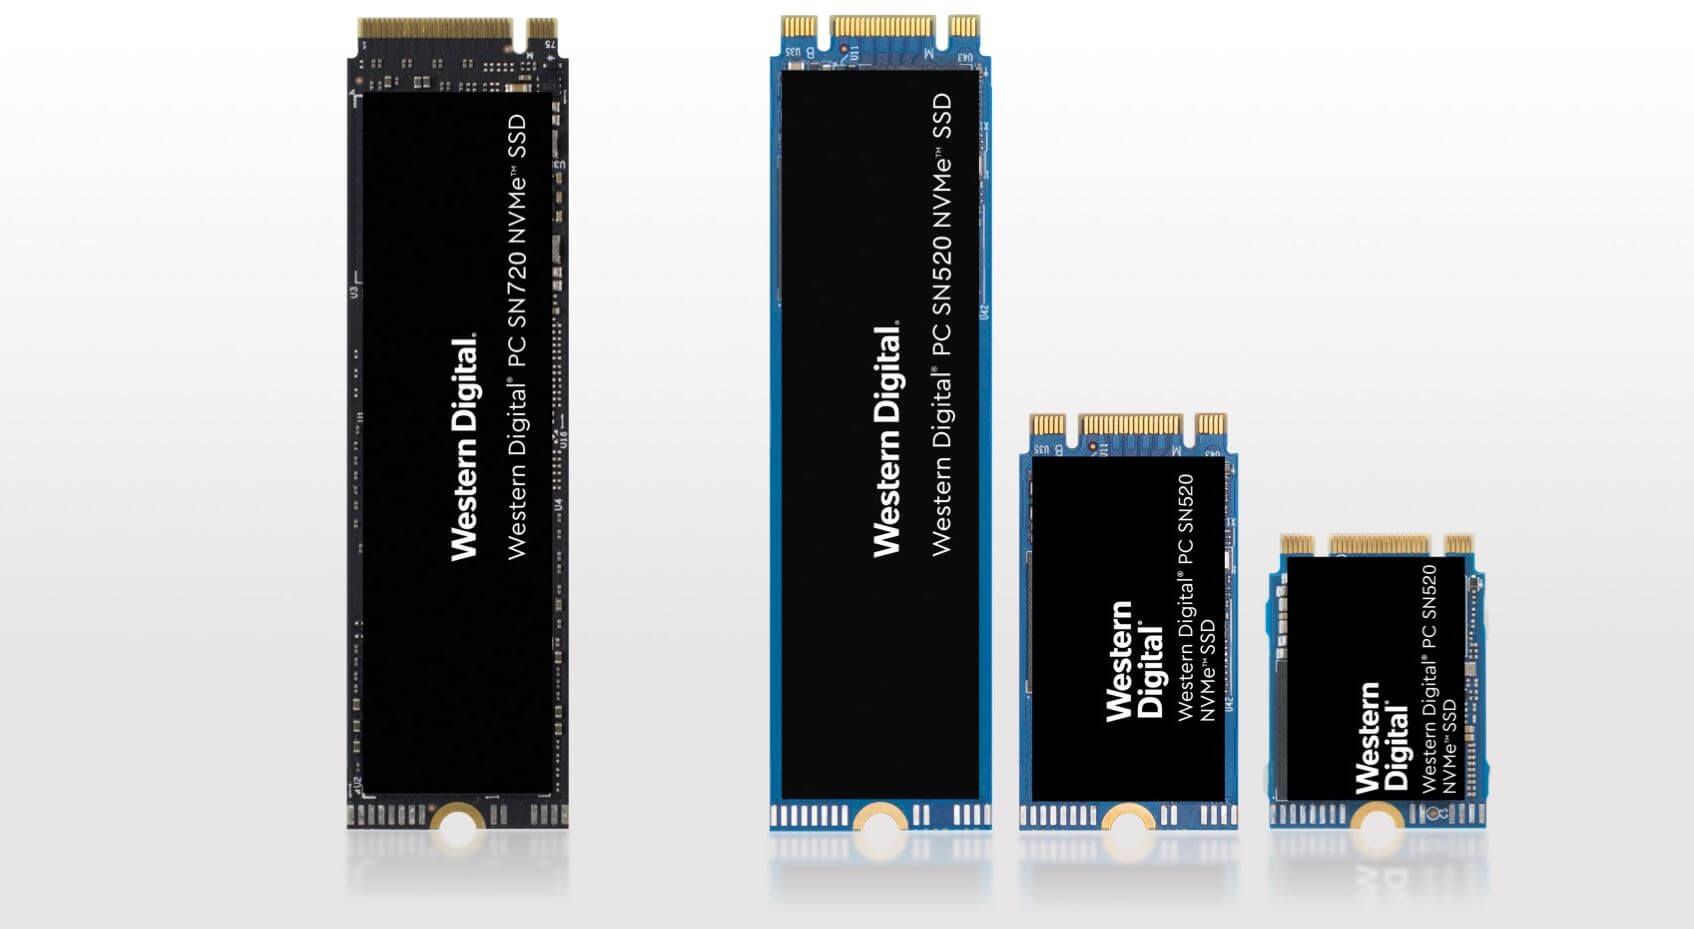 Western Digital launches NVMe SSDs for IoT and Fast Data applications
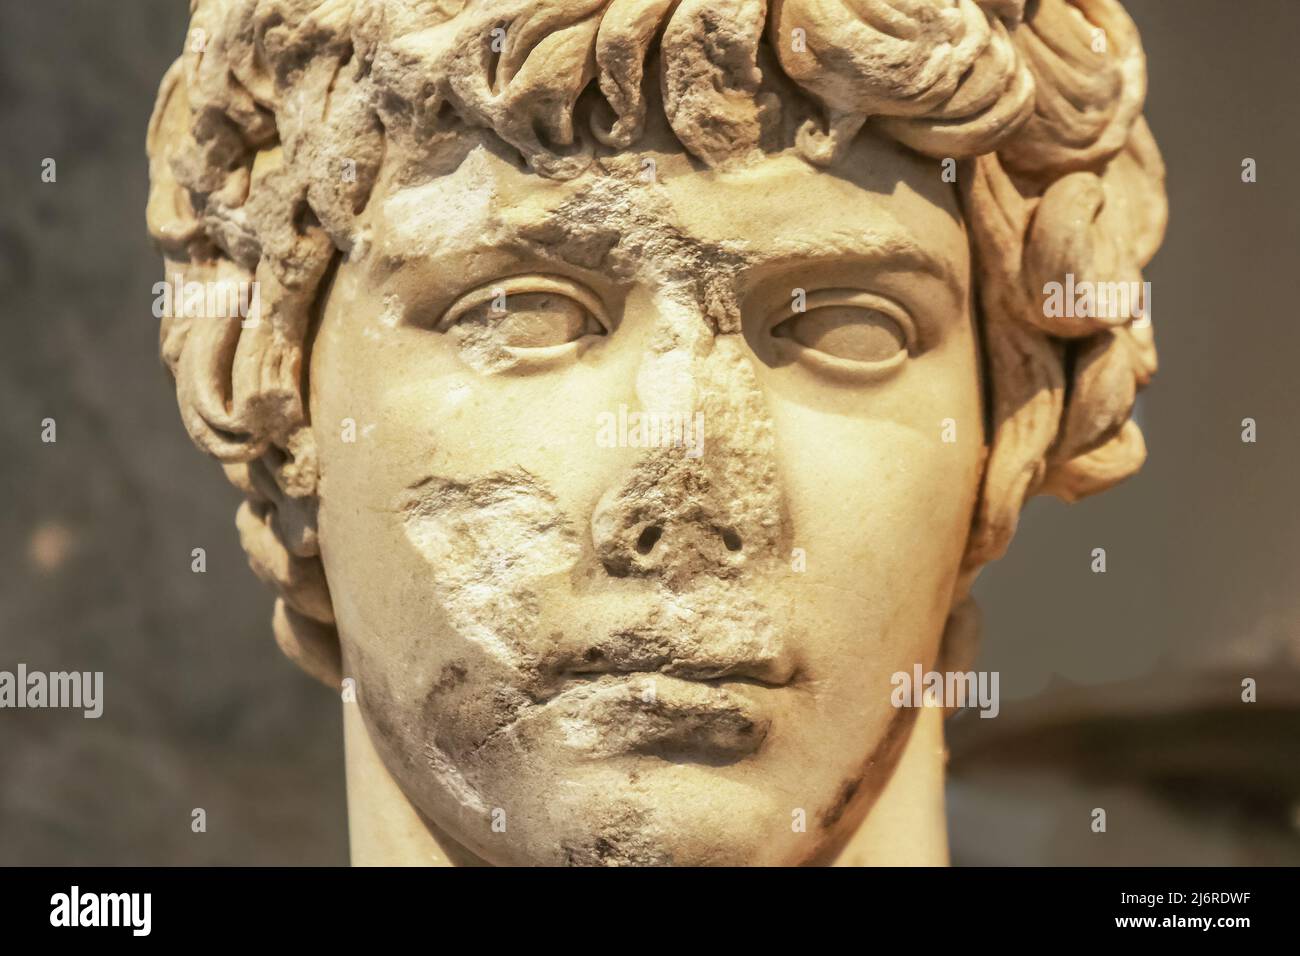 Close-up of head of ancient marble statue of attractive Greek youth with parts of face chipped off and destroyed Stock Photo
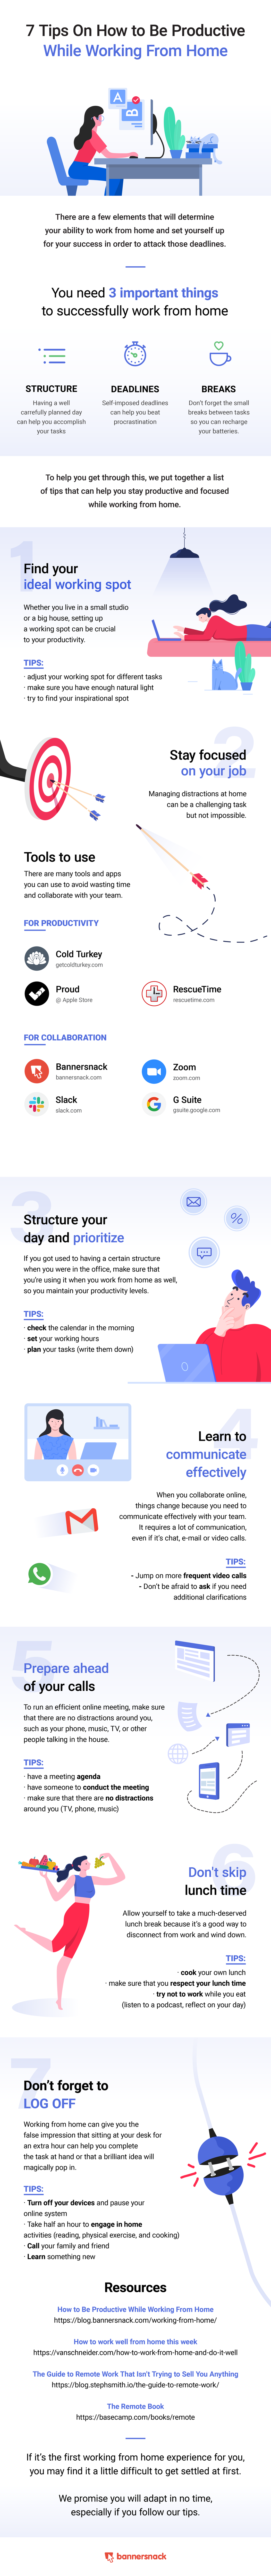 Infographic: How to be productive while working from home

• _Work to be completed_:
Your copy must repeat the data word for word and show none of its images.

• _Task output_:
 Western Digital launches NVMe SSDs for IoT and Fast Data applications
 Close-up of head of ancient marble statue of attractive Greek youth with parts of face chipped off and destroyed Stock Photo
 Infographic: How to be productive while working from home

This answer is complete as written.